The work is published in Environmental Health Perspectives.

Estrogen hormones are important in all stages of life. They work by binding to receptors inside a cell, which then travel to the nucleus and promote the DNA to turn select genes on or off.

But some synthetic chemicals mimic these estrogen hormones by also binding to gene receptors. Exposure to these chemicals during early development is associated with increased risk of cancers and abnormal formation of the reproductive tract. So the ability to detect such chemicals and identify their mechanisms of action is of great importance for developmental science.

Background: Environmental endocrine disruptors (EED) are exogenous chemicals that mimic endogenous hormones, such as estrogens. Previous studies using a zebrafish transgenic reporter demonstrated that the EEDs bisphenol A and genistein preferentially activate estrogen receptors (ER) in the larval heart compared to the liver. However, it was not known whether the transgenic zebrafish reporter was sensitive enough to detect estrogens from environmental samples, whether environmental estrogens would exhibit similar tissue-specific effects as BPA and genistein or why some compounds preferentially target receptors in the heart.

Methods: We tested surface water samples using a transgenic zebrafish reporter with tandem estrogen response elements driving green fluorescent protein expression (5xERE:GFP). Reporter activation was colocalized with tissue-specific expression of estrogen receptor genes by RNA in situ hybridization.

Results: Selective patterns of ER activation were observed in transgenic fish exposed to river water samples from the Mid-Atlantic United States, with several samples preferentially activating receptors in embryonic and larval heart valves. We discovered that tissue-specificity in ER activation is due to differences in the expression of estrogen receptor subtypes. ERα is expressed in developing heart valves but not in the liver, whereas ERβ2 has the opposite profile. Accordingly, subtype-specific ER agonists activate the reporter in either the heart valves or the liver.

Conclusion: The use of 5xERE:GFP transgenic zebrafish has revealed an unexpected tissue-specific difference in the response to environmentally relevant estrogenic compounds.
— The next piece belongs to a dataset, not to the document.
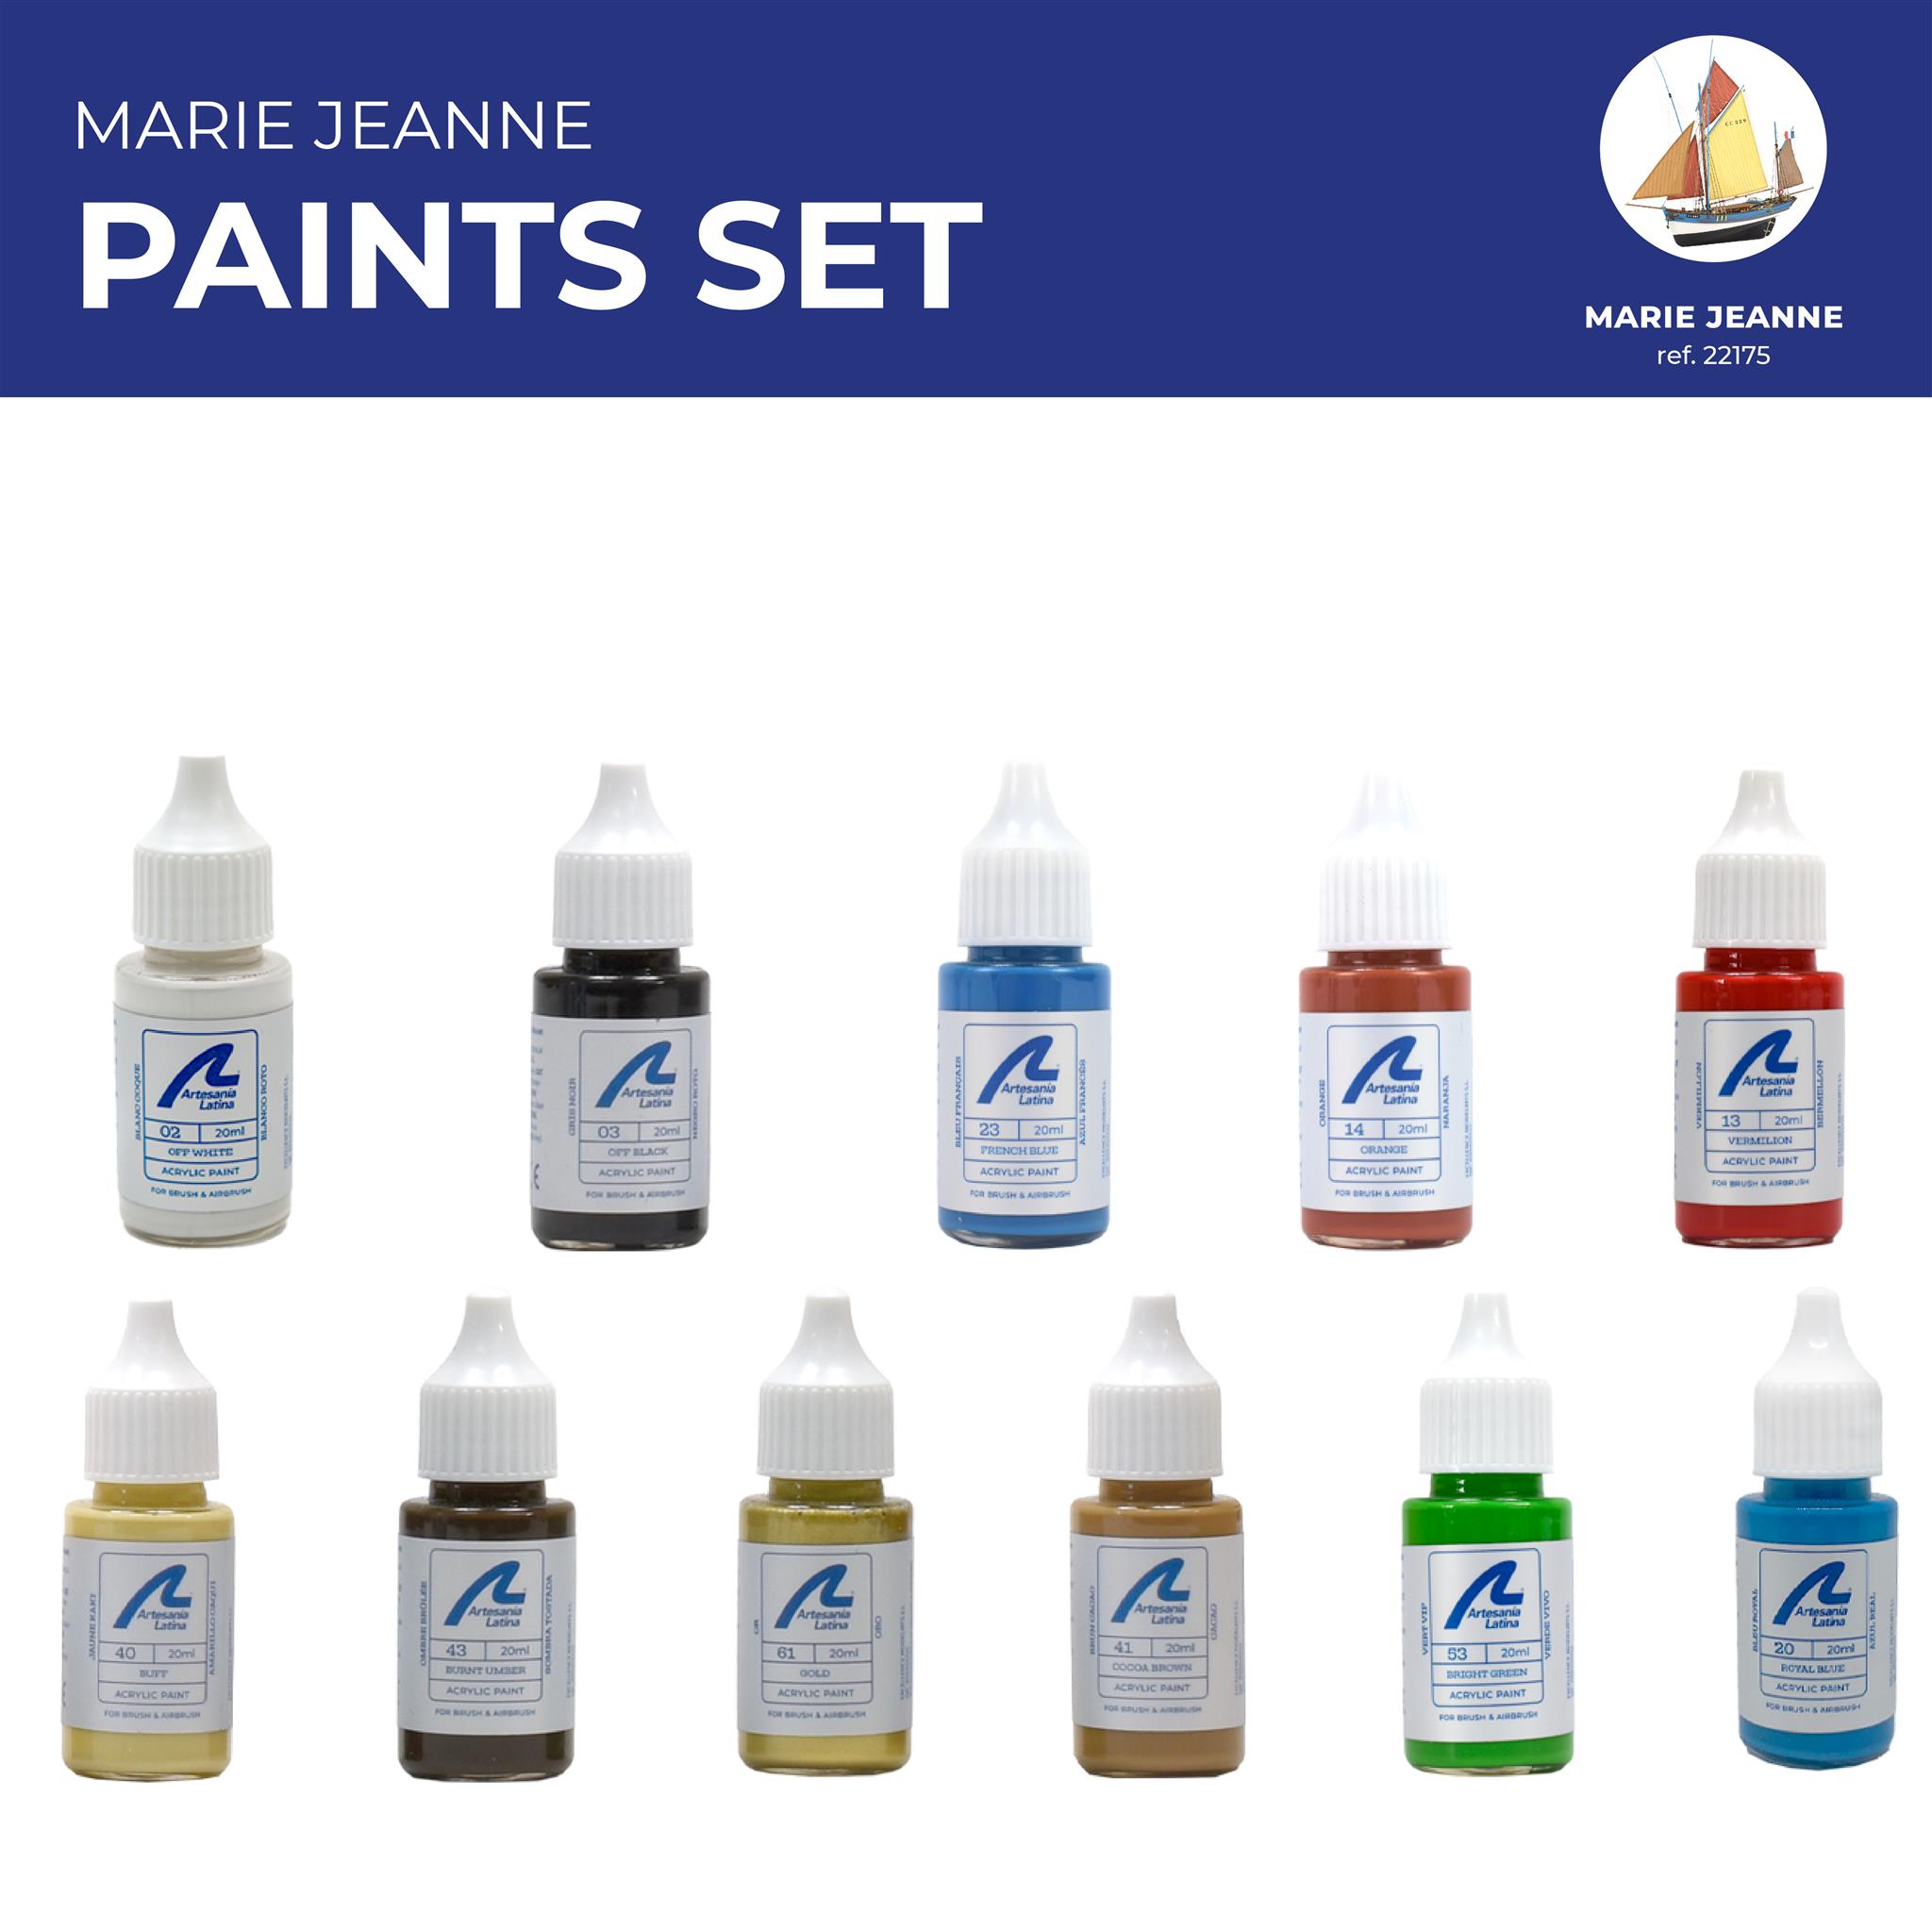 Acrylic Paints Set for Marie Jeanne Tuna Boat Model (277PACK12) made by Artesanía Latina.

Exposure to estrogenic EEDs in utero is associated with adverse health effects, with the potentially unanticipated consequence of targeting developing heart valves.

This work was supported by the National Institutes of Health National Research Service Award Postdoctoral Fellowship from the Eunice Kennedy Shriver National Institute of Child Health and Human Development and the USGS Chesapeake Bay Priority Ecosystems program.

The Carnegie Institution for Science is a private, nonprofit organization headquartered in Washington, D.C., with six research departments throughout the U.S. Since its founding in 1902, the Carnegie Institution has been a pioneering force in basic scientific research. Carnegie scientists are leaders in plant biology, developmental biology, astronomy, materials science, global ecology, and Earth and planetary science.